Geography

Nepal, officially the Federal Democratic Republic of Nepal, is a country in South Asia. It is located mainly in the Himalayas, but also includes parts of the Indo-Gangetic Plain. It is the 49th largest country by population and 93rd largest country by area. The entire distance from east to west is about 800 km while from north to south is only 150 to 250 km.

However, in fact, although occupying just 0.1% of the earth’s surface. Nepal is one of the richest countries in the world in terms of bio-diversity due to its unique geographical position and altitudinal variation.

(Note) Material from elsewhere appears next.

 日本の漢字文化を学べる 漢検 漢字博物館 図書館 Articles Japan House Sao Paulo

Nepal is topographically divided into three main regions. There are Himalayan region, Hilly region, and the Terai region. Nepal is a landlocked country located in South Asia with China in the north and India in the south, east, and west. The country occupies 147,181 sq. km of land and lies between coordinates approximately 28°N and 84°E. Nepal falls in the temperate zone north of the Tropic of Cancer.

The perennial rivers include Mahakali, Karnali, Narayani, and Koshi rivers originating in the Himalayas. Medium-sized rivers like Babai, West Rapti, Bagmati, Kamla, Kankai, and Mechi originate in the Midlands and Mahabharat range.

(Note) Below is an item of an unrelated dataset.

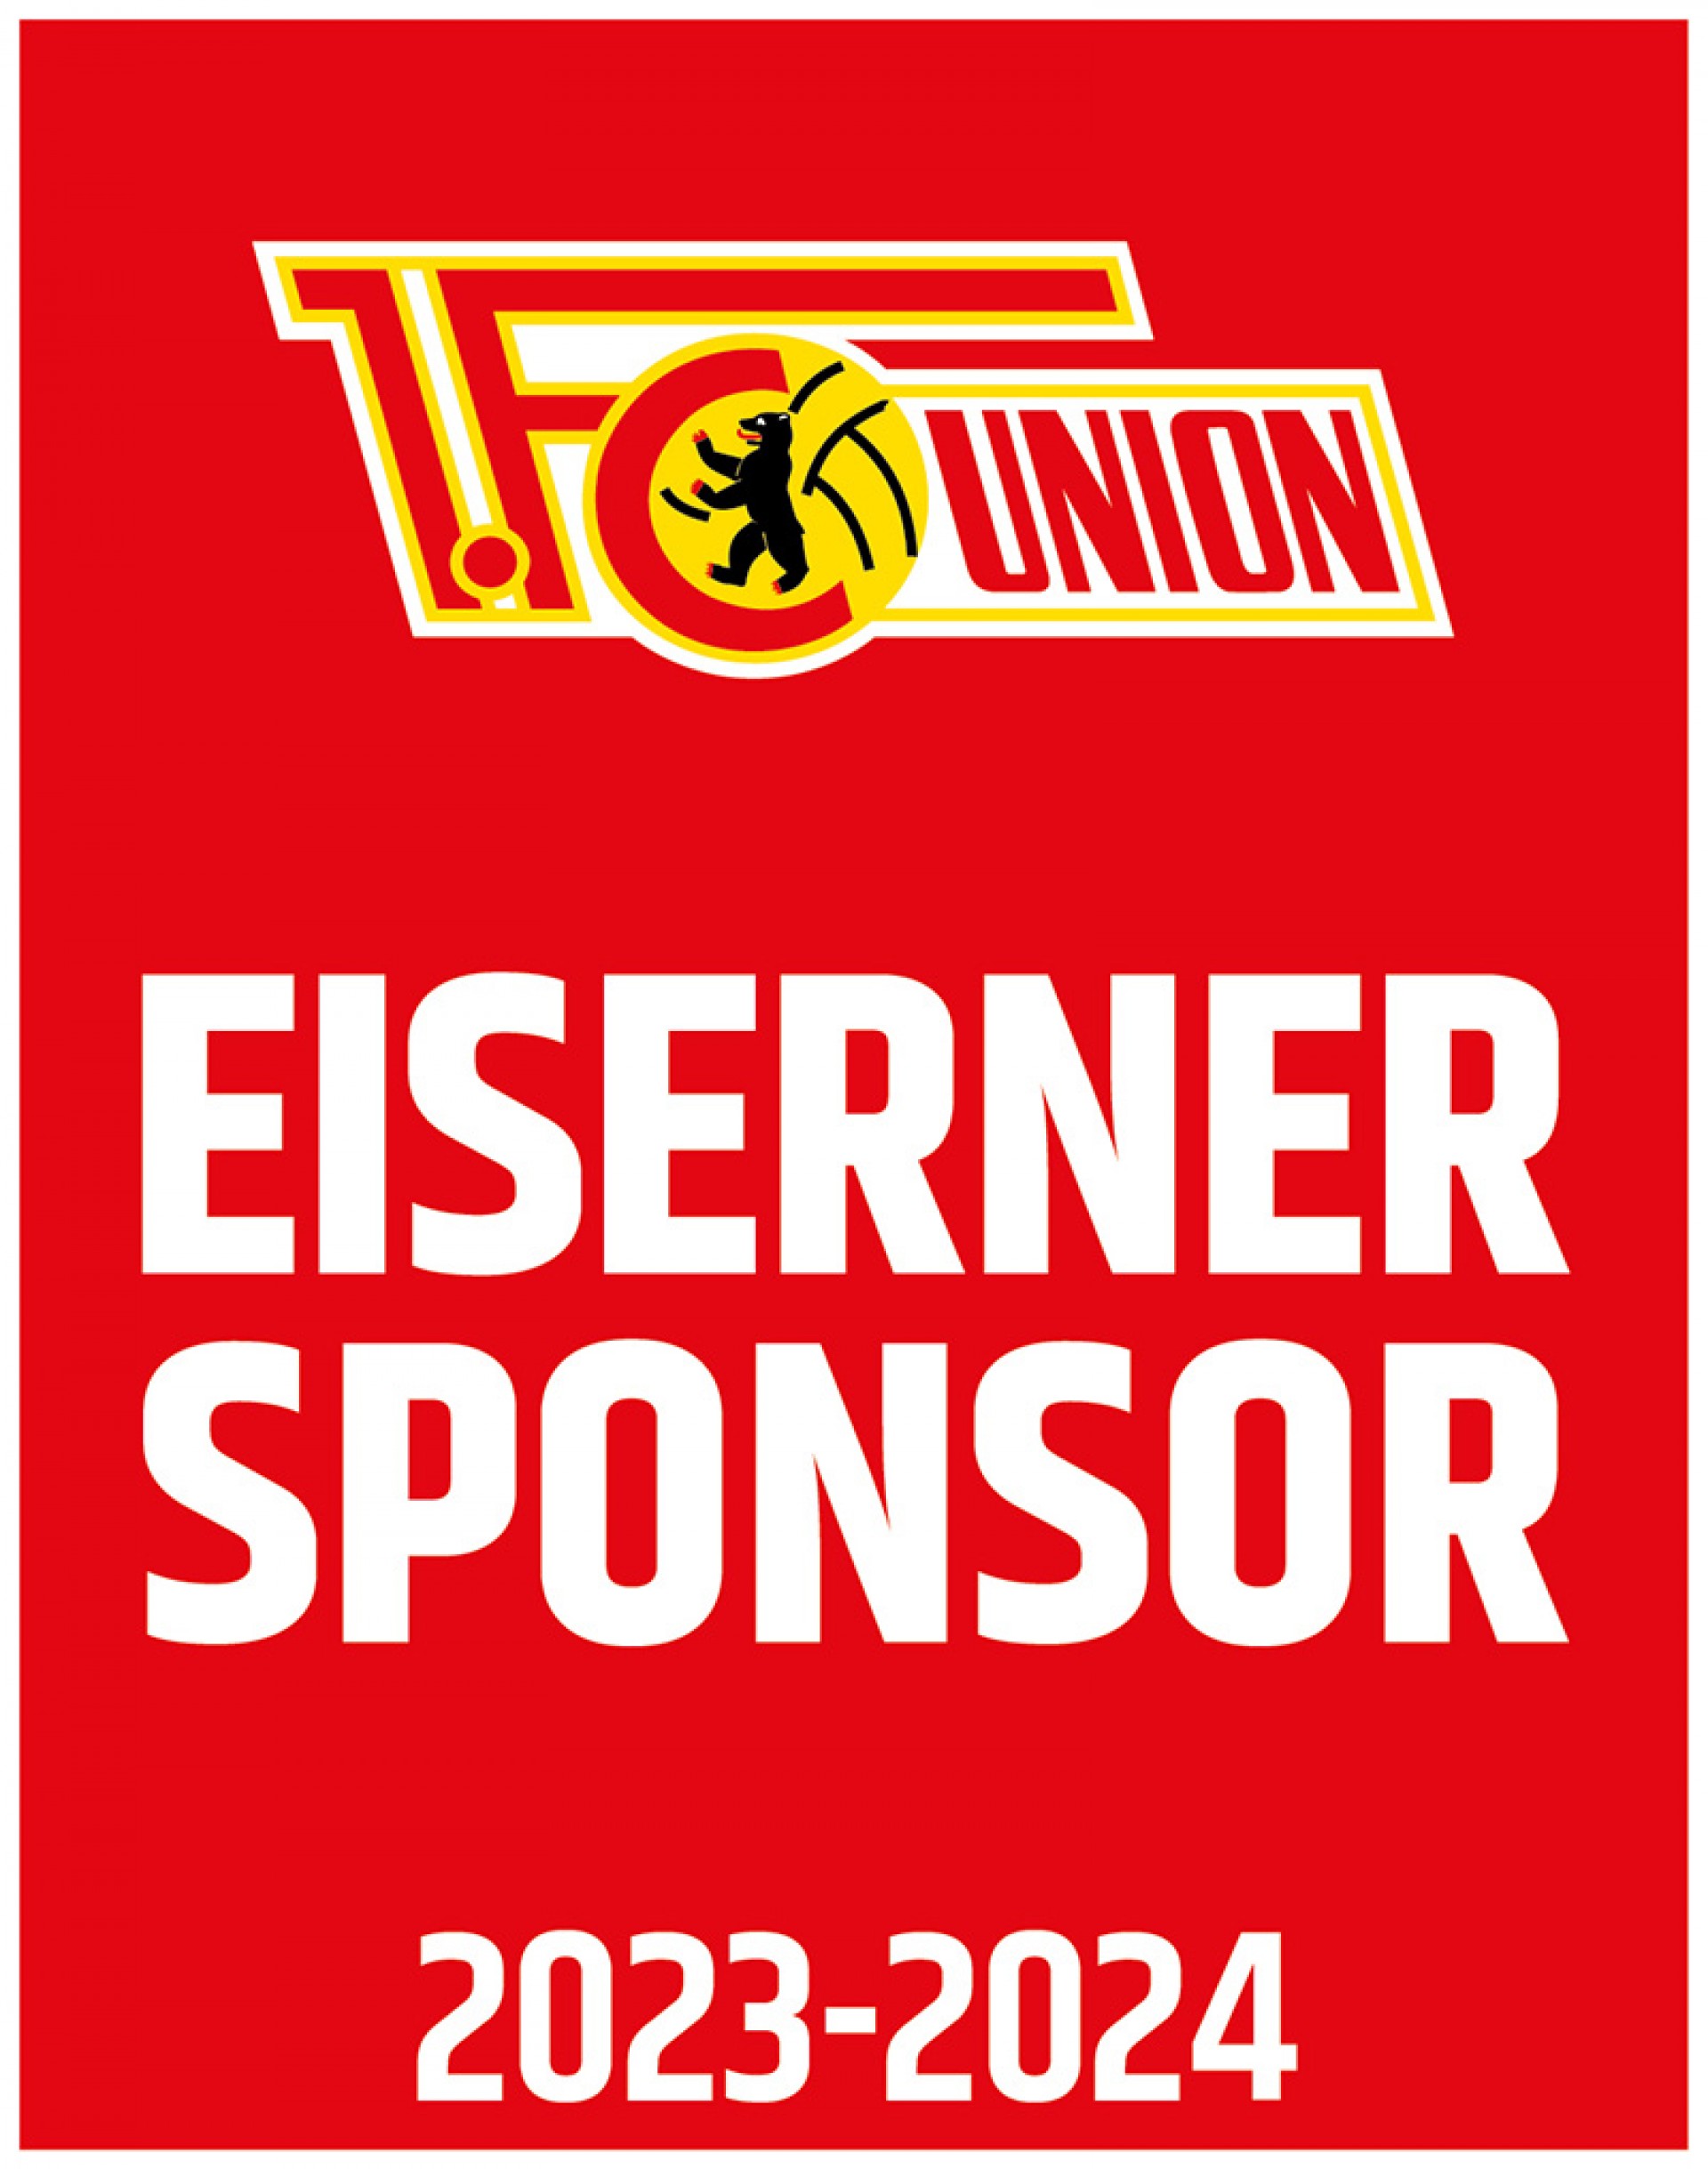 Eiserner Sponsor 2023-2024

The highest point is Mt. Everest (8,848m) in the north and the lowest point (70 m above sea level) is located at Kechana Kalan of Jhapa District. Altitude increases as you travel south to north. Int eh north temperatures are below 40 degrees Celsius and in the Terai, temperatures rise to 40 degrees Celsius in the summer. During June July and August, the kingdom is influenced by monsoon clouds.

Physical features of Kathmandu.

Kathmandu is in the northwestern part of the Kathmandu Valley to the north of the Bagmati River and covers an area of 50.7 km2 (19.6 sq mi). The average elevation is 1,400 meters (4,600 ft) above sea level. Kathmandu has the densest UNESCO listed World Heritage Sites among the capitals of the world.